The last time Amy gave me a hand-job my penis looked like a swollen red popsicle. I looked down on the bed as Amy's un-lubed hand violently yanked like she was trying to start a lawnmower while her other hand was flipping channels with the remote. I remember the excruciating pain of the chaffing, pubic hair flying like a visit to the barber shop, and the agonizing frustration of wanting to cum to end this hideous medieval torture.

"Yeah, dude. A tugg-job," he confirmed striking the ball.

'TTTSSSHHH'

"Bastard!" I said hurling a clump of turf with my pitching wedge.

"Yeah, there's this great oriental massage place down on Harry Hines," Denny said.

"Oh, yeah?"

"Yeah, place is called 'The Happy Hand'," he said slicing a hard grounder.

'TTTSSSHHH'

"Their small hands make my cock look huge," he added.

"Dude, golf boy's really pushing the gas on that cart--he's really movin'," I observed. "Looks like he's comin' for us. What does he want?"

"Aahh, whatever. But you should check this place..."
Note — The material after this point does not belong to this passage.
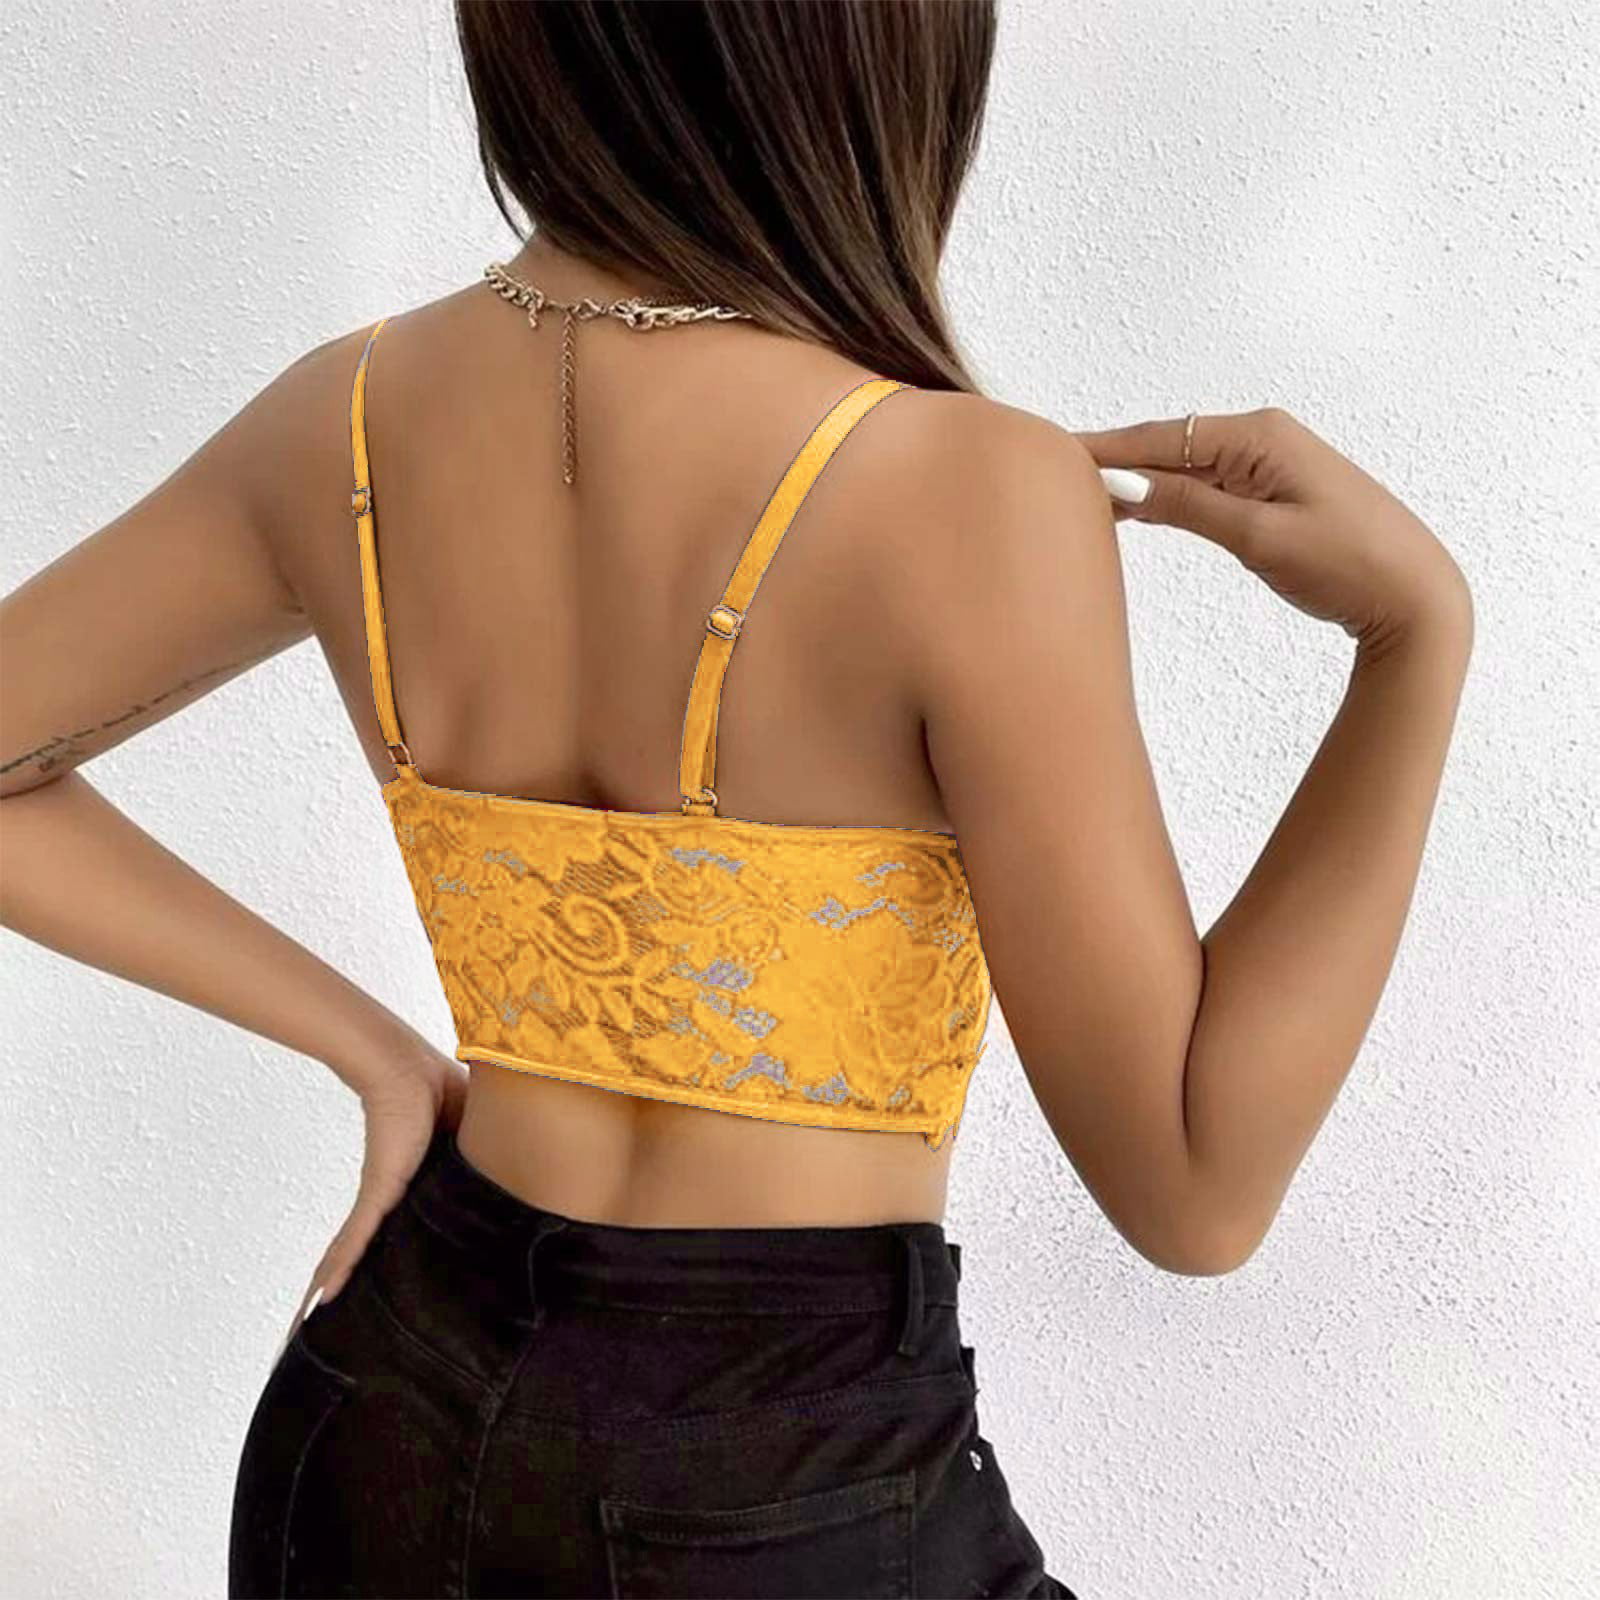 XXLvision Sexy Women Plus Size Lace Bralet Braset Vest Crop Top

"He's getting pretty, damn close, man!" I interrupted.

Golf boy was charging at us like General Patton in his tank. He violently slammed over potholes and hills sending golf balls flying like a popcorn machine. He charged on.

"Shit, man grab your stuff! Move!" I yelled.

"No time! My beers!" Denny yelled as we dived away as golf boy plowed into our cooler and side swiped our clubs.

We laid for a moment in the mildewed grass surrounded by exploding beers, broken tees, and mangled clubs. I looked at Denny who had a small piece of turf caught in his goal-tee.

"You're not gonna pop-a-cap are you?" I asked.